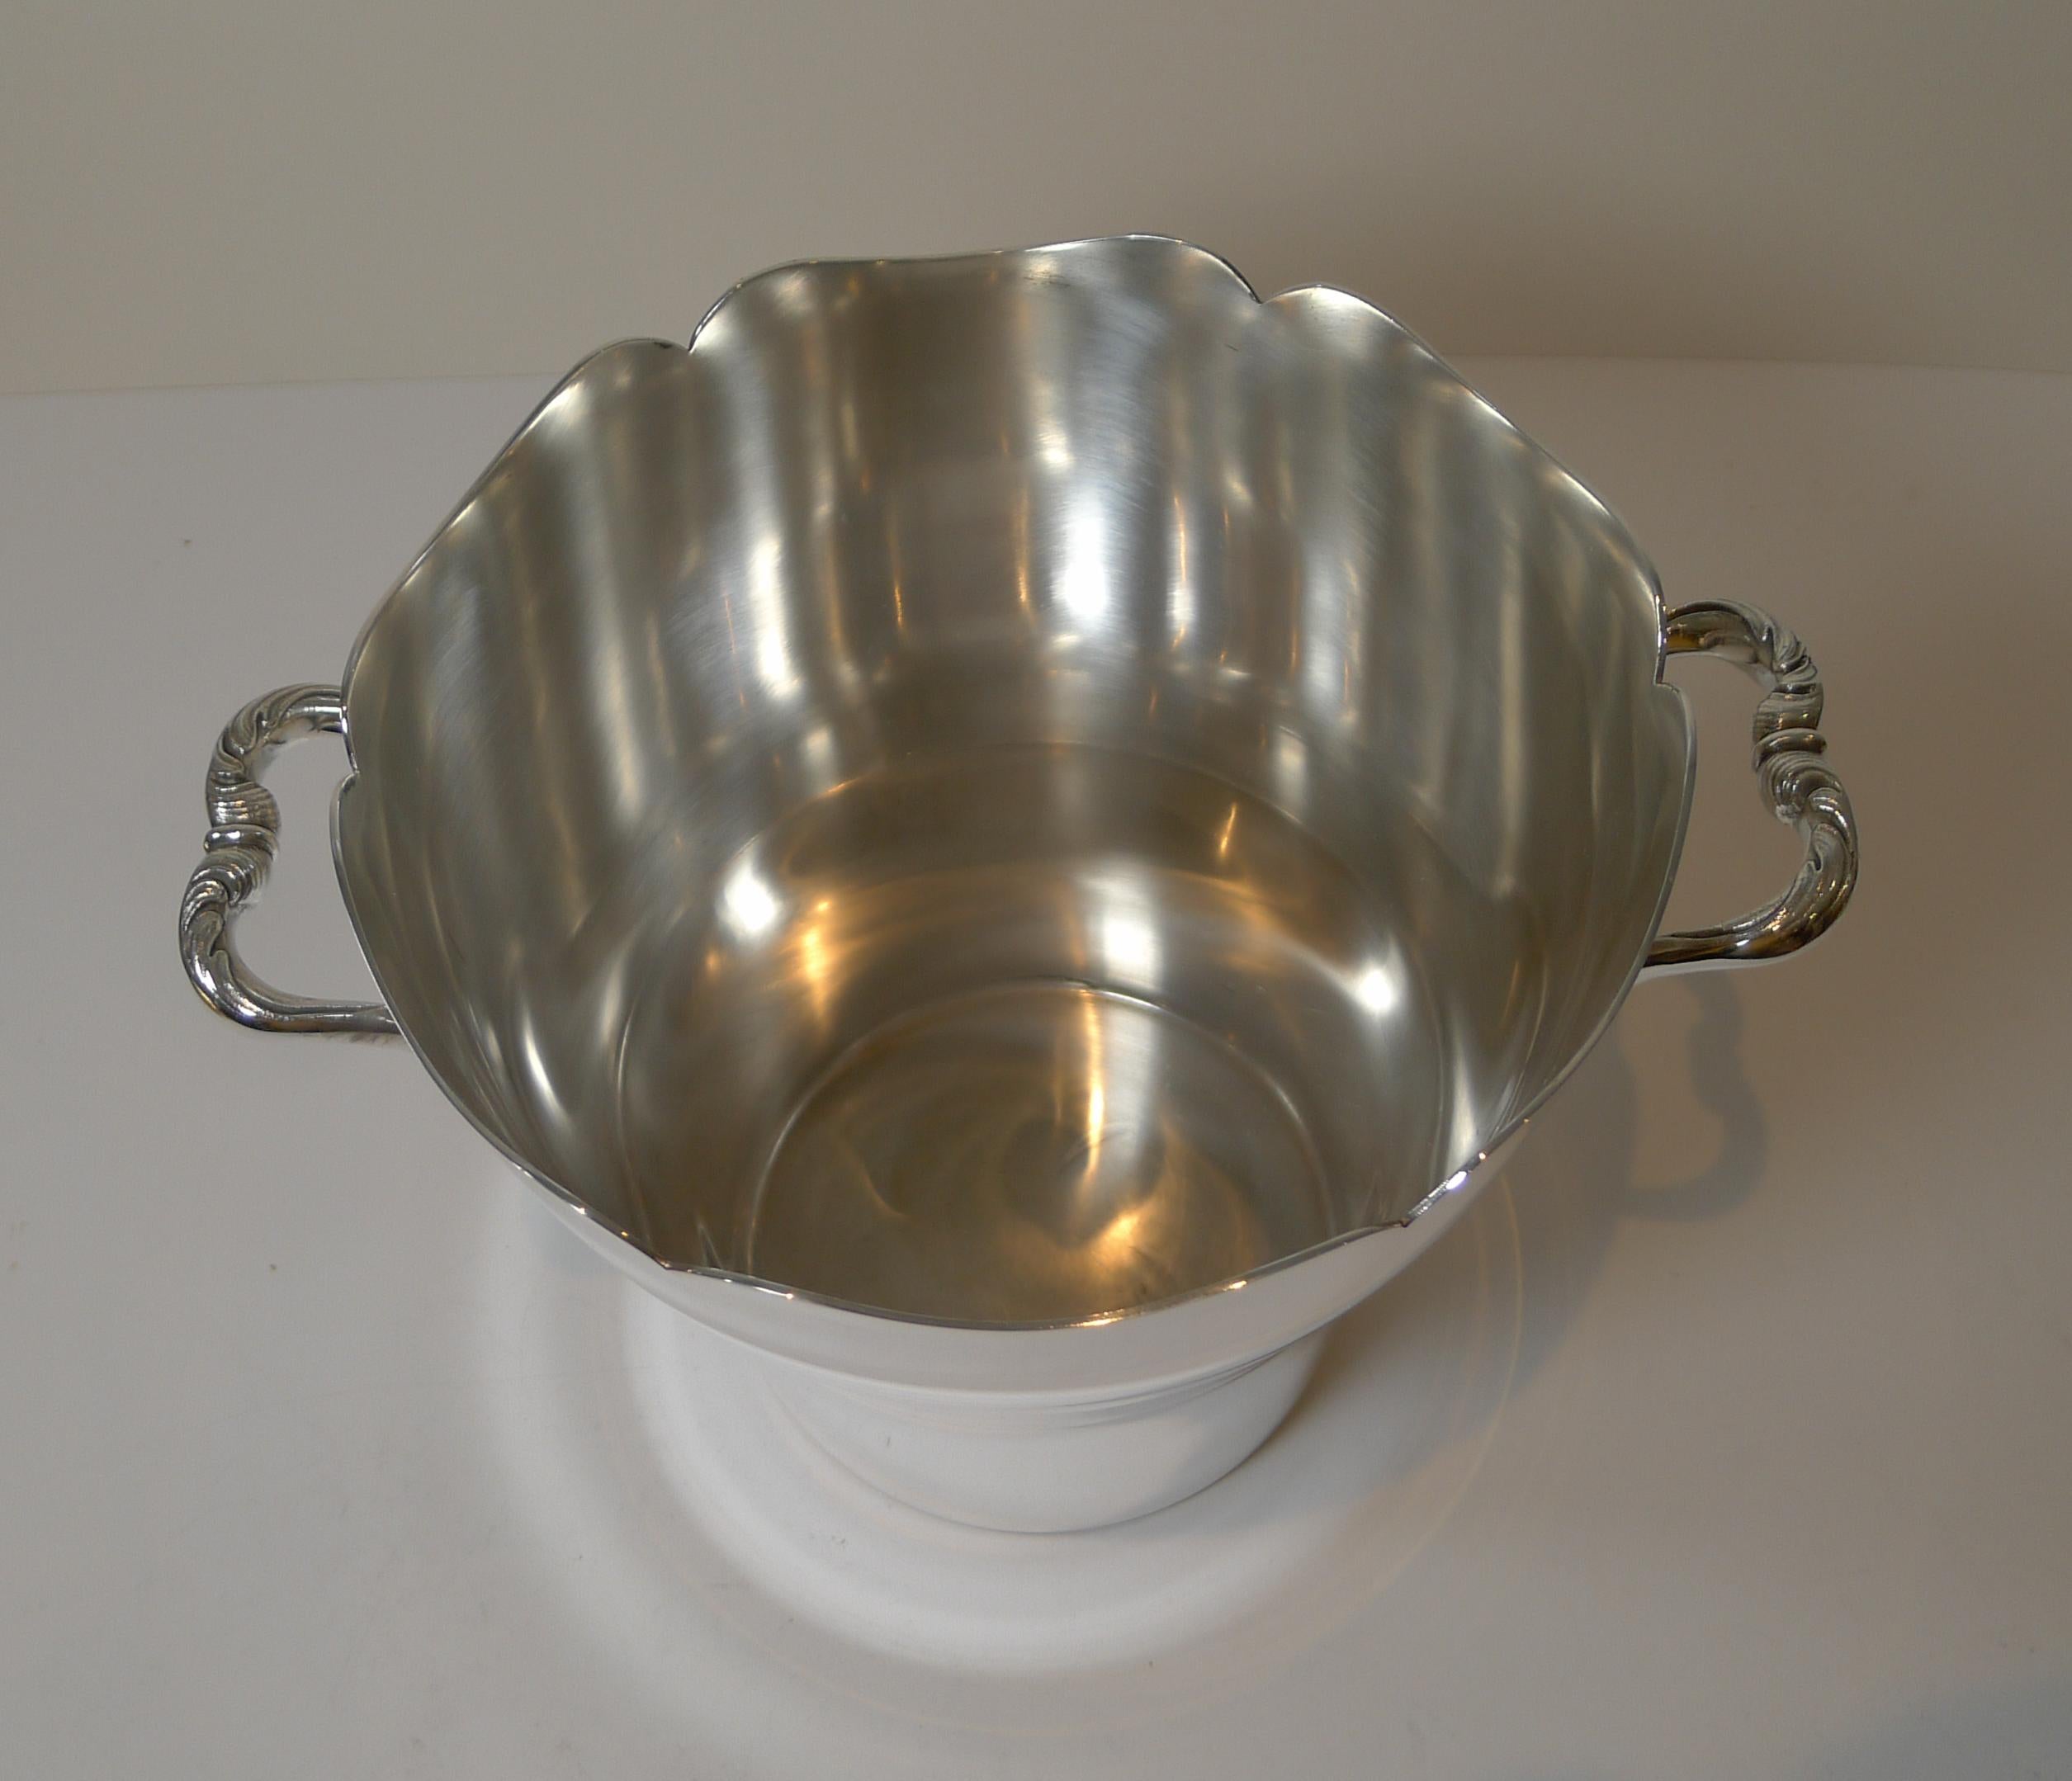 A very fine early twentieth century Champagne bucket; a beautiful shaped body with a scallopped rim and very stylish handles.

The underside is signed by the top-notch Parisian silversmith, Cailar & Bayard.

Cailar & Bayard, 37 rue

Problem to work on: Copy exactly. The range runs from the line containing "The underside is" through the last line of the data.

Exercise solution:
The underside is signed by the top-notch Parisian silversmith, Cailar & Bayard.

Cailar & Bayard, 37 rue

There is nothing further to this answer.